Тут Томаш кривит губы и начинает плакать по-настоящему. Колени у него подламываются, он повисает у Реджины в руках и, зажмурившись, выдает длинные фразы на польском.
— Ну, правда, что случилось-то? — допытывается Реджина, прижимая Томаша к себе. — Можешь не рассказывать, что ты увидел, но ты дотронулся до его затылка, а потом вы оба просто застыли. Словно в астрал вышли.
— Не знаю, — разводит руками Сет.
— Ну, еще бы! — со злостью бросает Реджина.
— Реджина…
— Я не на тебя сержусь. Я сержусь на это уродское место. Вот ты вроде бы все вспомнил, а я до зарезу хочу узнать правду, но правда здесь — это лишь новые мучения. Больше в нашей жизни ничего не происходит.

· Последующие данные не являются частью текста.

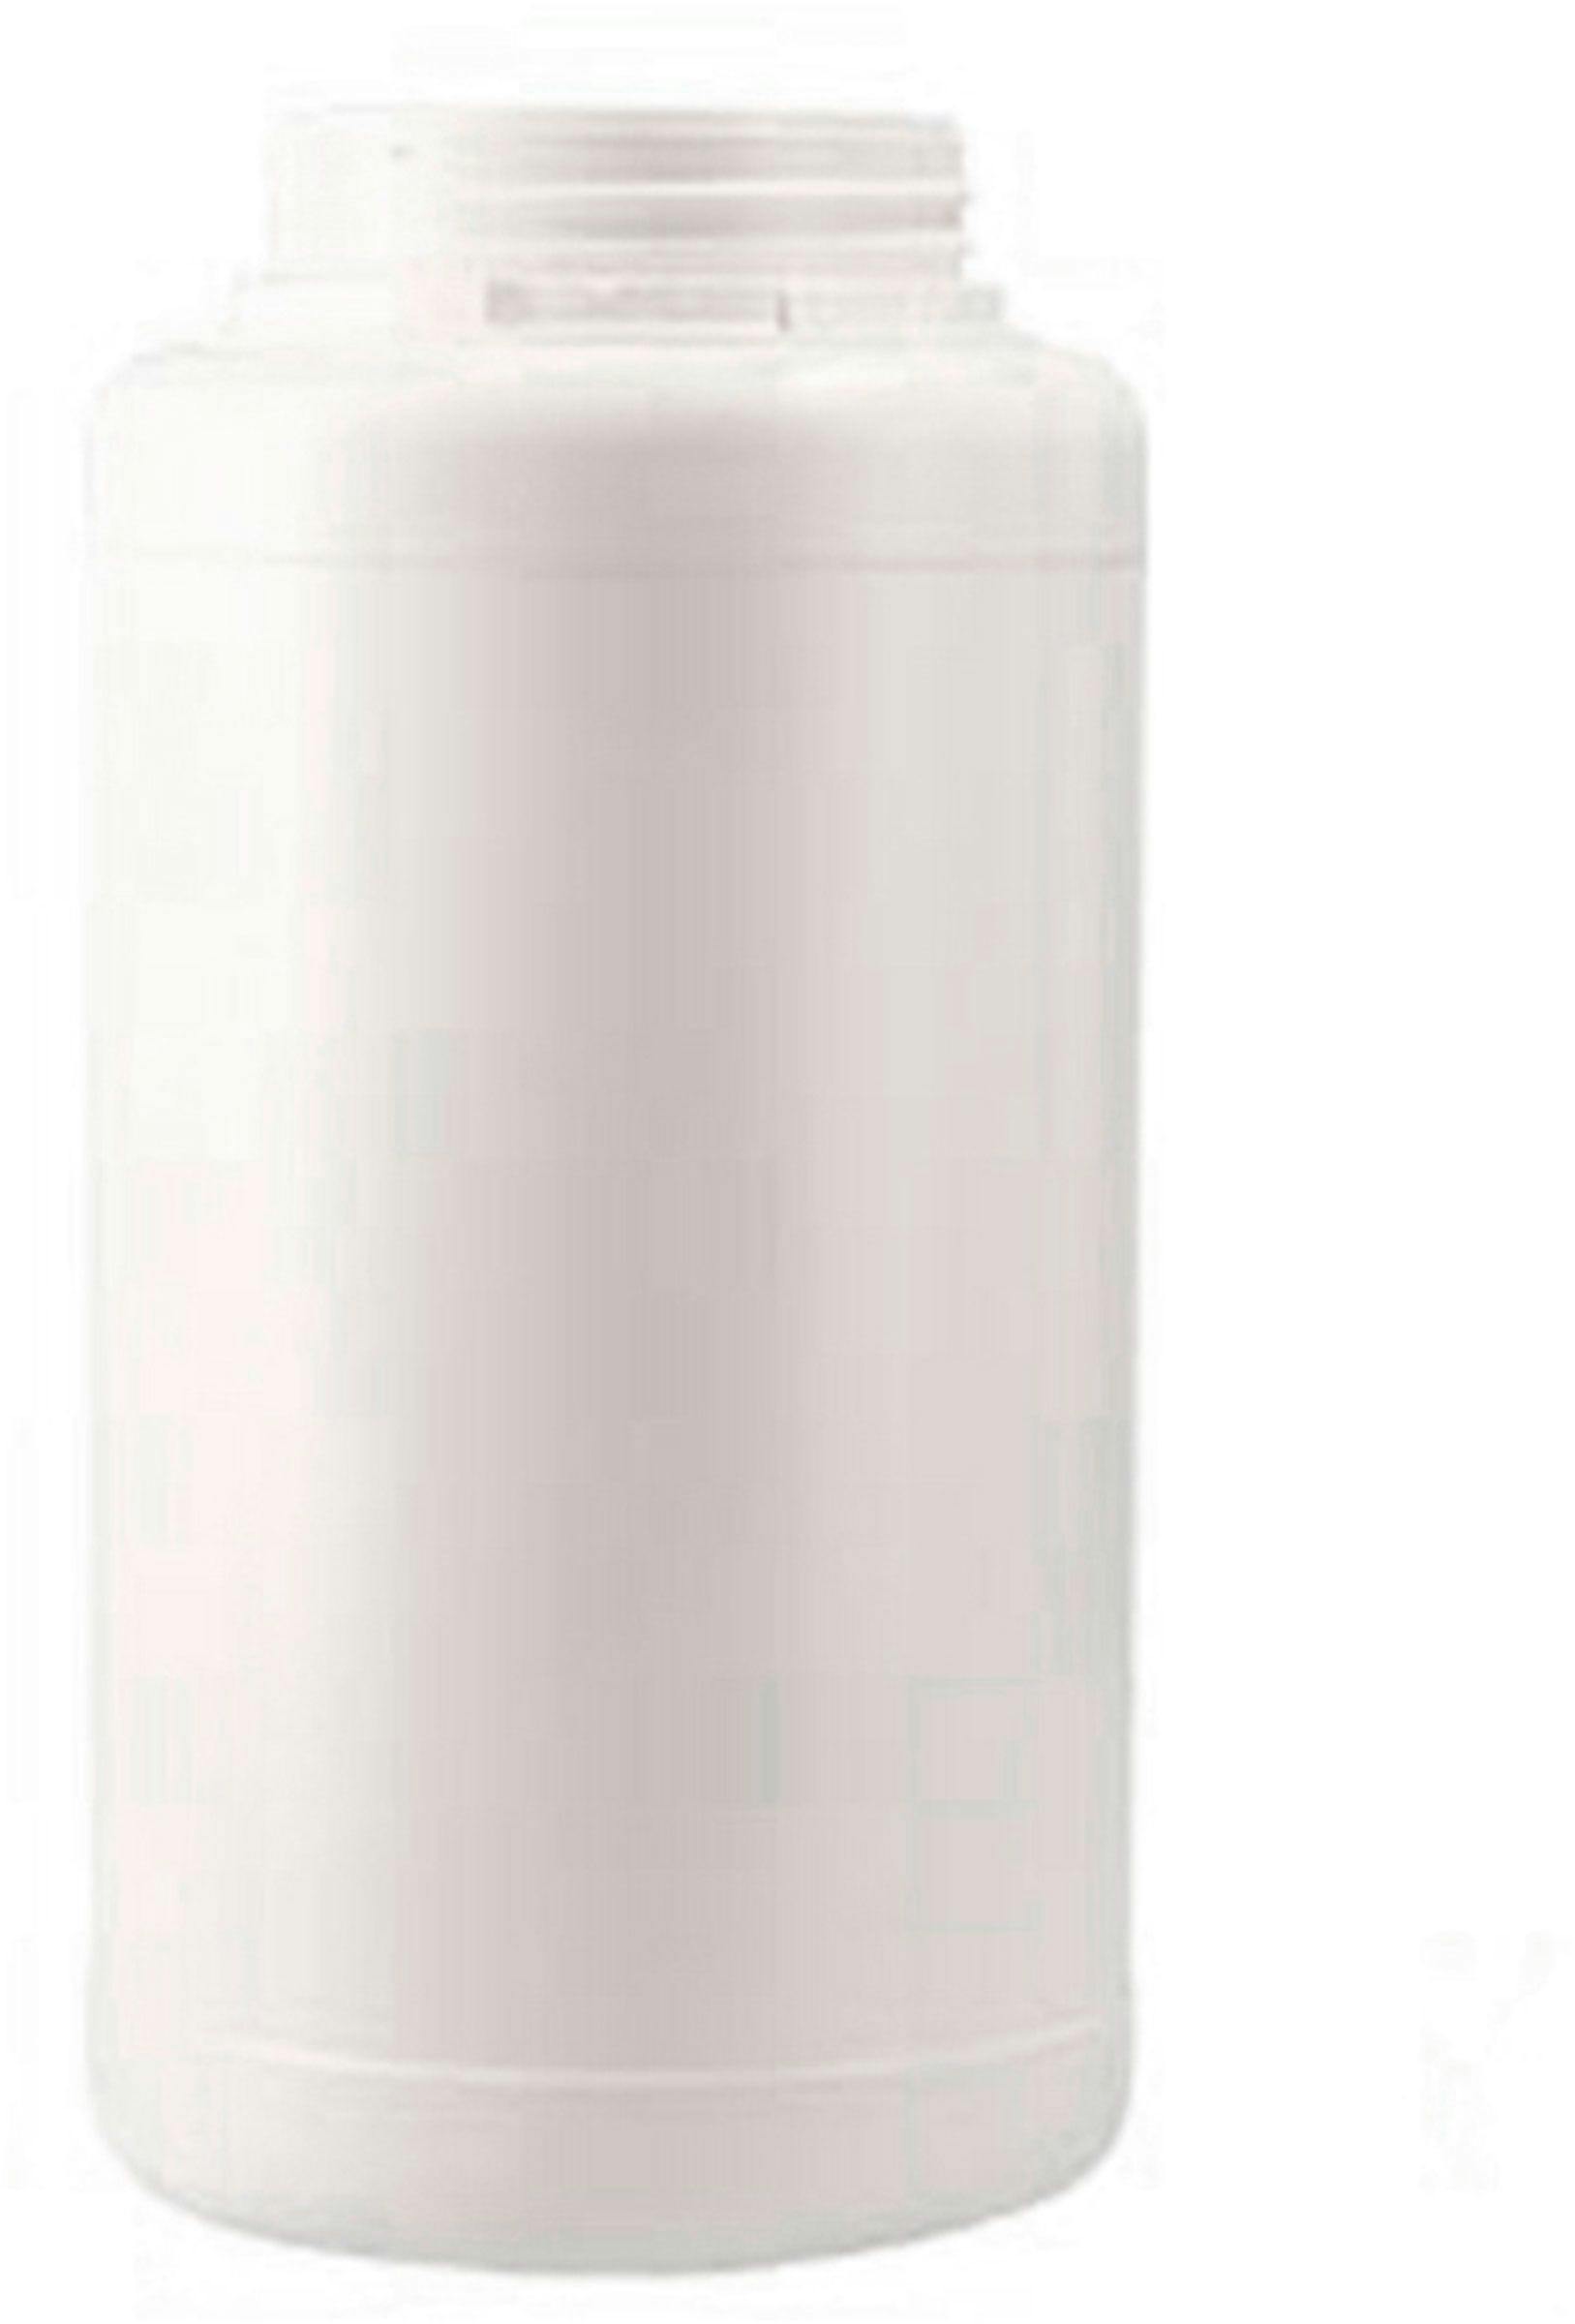 Jar HDPE 500 ml white  D80

Только сюрпризы за каждым углом, один страшнее другого…
— Вы были приятным сюрпризом, — произносит Сет вполголоса.
— …и погода не поддается никакой логике, и какой-то бессмертный фрик в черном костюме за нами гоняется, и… Что ты сказал?

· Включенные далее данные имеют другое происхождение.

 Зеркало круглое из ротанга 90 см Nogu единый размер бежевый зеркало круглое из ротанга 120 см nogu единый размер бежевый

— Я говорю, вы были приятным сюрпризом. Оба.
Томаш, всхлипывающий Реджине в футболку, косится на Сета одним глазом.
Сет вытирает нос.
— Слушайте, — начинает он и тут же, умолкнув, проводит рукой по стриженой голове, нащупывая шишку у основания черепа.
Она там, она мигает, но ответ на вопрос «почему?» все еще где-то в каше воспоминаний. Получается, Сет по-прежнему не знает ничего и наверняка может утверждать лишь одно: сейчас, в эту секунду, он тут, с Томашем и Реджиной. И кажется, он перед ними в неоплатном долгу.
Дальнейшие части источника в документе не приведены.